Le canzoni diventeranno sempre più corte?
Gran parte dell’intrattenimento online ha assunto le fattezze di un prodotto usa e getta: lo consumiamo nel minor tempo possibile e con il minor sforzo possibile, assecondando nel frattempo i nostri gusti e le nostre convinzioni. Che ci piaccia o meno, ci stiamo abituando al ritmo dettato dagli algoritmi delle piattaforme di streaming e dei social network, i quali, tra l’altro, sono nel bel mezzo di una crisi d’identità.
Sta accadendo tutto in fretta, ed è proprio a causa di tale fretta che la nostra soglia dell’attenzione è calata a una velocità sorprendente. Se diamo un’occhiata alla musica del 21esimo secolo, la durata media delle canzoni più popolari è scesa di circa 50 secondi in poco più di vent’anni: si è passati dai 2 minuti e 45 secondi del 2000 al minuto e 57 secondi del 2022, e il dato continua a scendere. [Qui]
L’accorciamento delle canzoni diventa più evidente a partire dal biennio 2017-2018, cioè da quando TikTok si è pian piano intromesso nel nostro rapporto con la musica, mischiandola con l’intrattenimento istantaneo dei social network. Non a caso, le canzoni – o sarebbe meglio dire i ritagli di canzoni – che hanno più successo su TikTok durano in media 19,5 secondi. [Qui]
Inoltre, avere a portata di mano un catalogo musicale sconfinato può renderci meno pazienti, e quindi più inclini a “skippare”, cioè a saltare di brano in brano dopo pochi secondi di ascolto. Se non ci piace una canzone, o comunque non è adatta ad accompagnare ciò che stiamo facendo, sappiamo che ci sono milioni e milioni di alternative.
Di conseguenza, ascoltare un album dall’inizio alla fine sta diventando un’abitudine in via d’estinzione, quasi al pari dell’acquisto degli stessi dischi – fatta eccezione, forse, per il recente revival del vinile. Il mercato va in un’altra direzione, che è quella dei singoli, dei featuring e della ripetizione in loop della stessa canzone. D’altronde, se la durata media di un brano è di due minuti, non ci resta che riprodurlo più e più volte per sentirci appagati.
Ciò che possiamo fare, quindi, è domandarci se e quanto l’accorciamento delle canzoni mainstream continuerà a farci compagnia. Beh, a meno che l’industria discografica non collassi improvvisamente, è probabile che le piattaforme di streaming continuino a dominare e a indirizzare il mercato ancora per un po’. Lo fanno da circa un decennio, e al momento rappresentano circa l’85% degli incassi. Lo stesso discorso vale per TikTok, che, al netto della recente decisione della Commissione Europea, ha avuto un’influenza fin troppo evidente sui suoi concorrenti e sulle nostre abitudini musicali.
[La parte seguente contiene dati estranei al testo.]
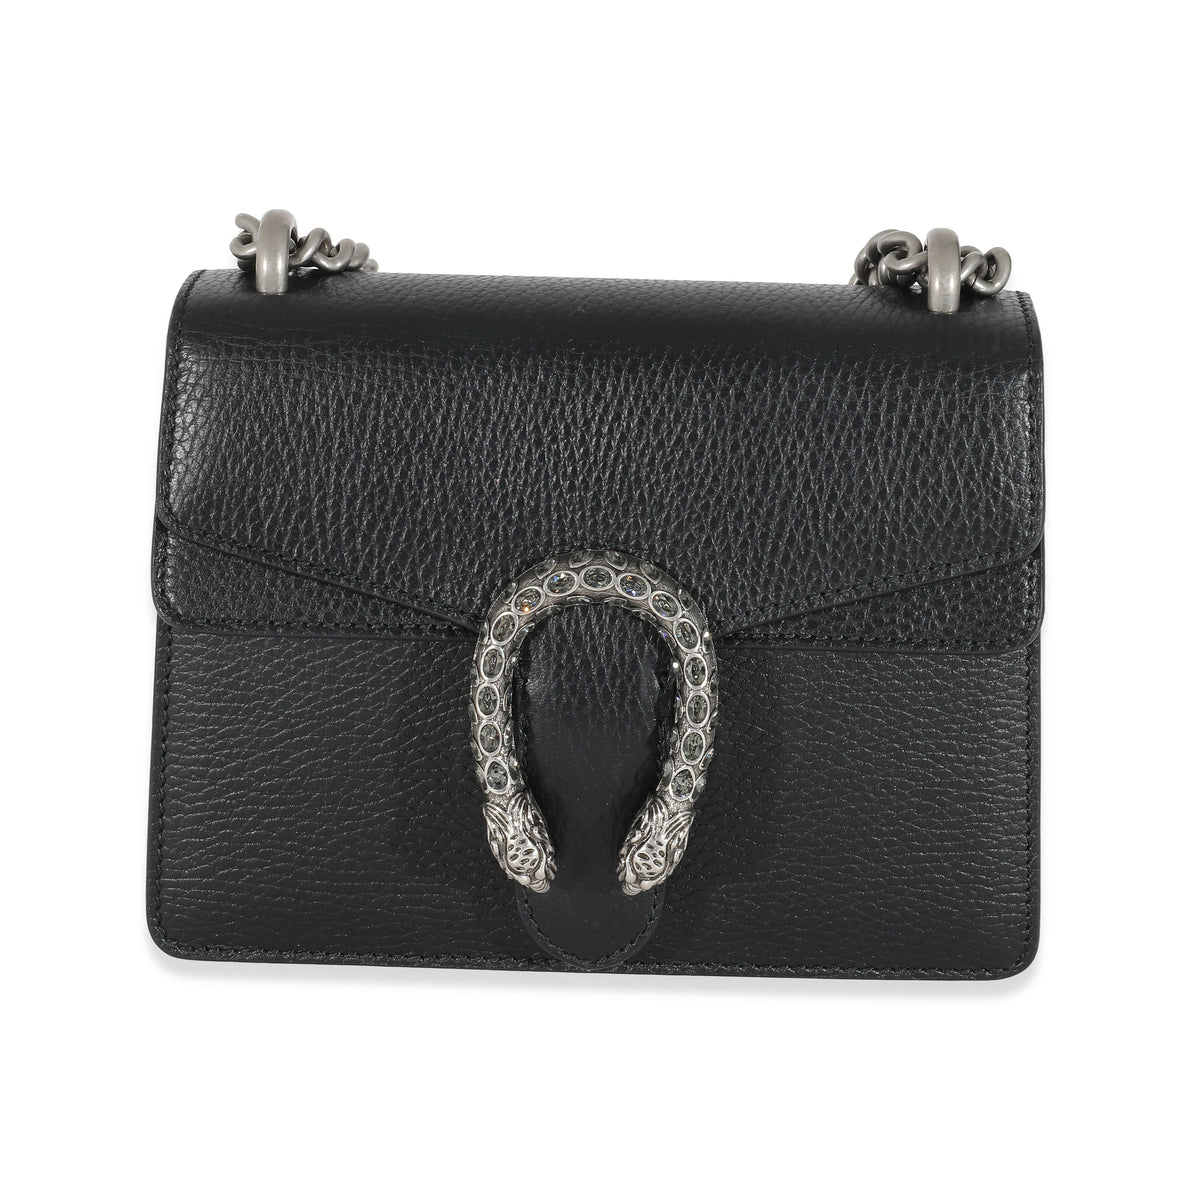 Gucci Rare Authentic Vintage Black Fabric Handbag Purse Satchel With Bow  Logo | eBay

Tuttavia, è altrettanto plausibile che tra qualche anno non ci ritroveremo a canticchiare singoli di 35 secondi, né tanto meno a perdere del tutto la nostra capacità di concentrazione. Il futuro lo stiamo già scrivendo, e non è detto che sarà più arido o meno genuino del passato. Seppur con rivisitazioni, ripescaggi di sonorità e ritornelli a tutto volume, si tratterà pur sempre di arte, e non di matematica – a meno che l’intelligenza artificiale non sviluppi la sensibilità artistica di Paul McCartney o Peter Gabriel; in tal caso abbraccerei più che volentieri la retorica del “signora mia, dove andremo a finire?”.
Per il momento, parafrasando una delle scene più “memate” da noi millennial, potremmo dire semplicemente che le cose cambiano, si evolvono. E pure in fretta. Forse troppo in fretta.

Era impossibile che la fruizione di massa della musica – come di qualunque prodotto “culturale” – non cambiasse. Se hai tutto a disposizione, la tua attenzione è continuamente distratta da altro. La curiosità diventa un’ossessione, la concentrazione scompare in qualche secondo. Il “piacere” è legato alla sensazione di pura superficie. Questa cosa cambia i processi non solo di fruizione, ma di apprendimento. Sai tantissime cose, non ne sai nessuna realmente, perchè l’approfondimento è continuamente ostacolato dalle sirene della novità, che non devi più sbatterti a cercare: è lì, pronta, e diventa vecchia – anche lei – in pochi istanti. Questo è terribile e magnifico al tempo stesso, ma temo non vi sia nulla di solo terribile o di solo magnifico. La profondità di pensiero, la speculazione, si insinueranno nelle pieghe dell’usa e getta come un virus, attingendo ad un miscuglio tra cultura novecentesca (o comunque predigitale) e intelligenza artificiale. Non tutto il bene verrà per giovare, ma non tutto il male verrà per nuocere.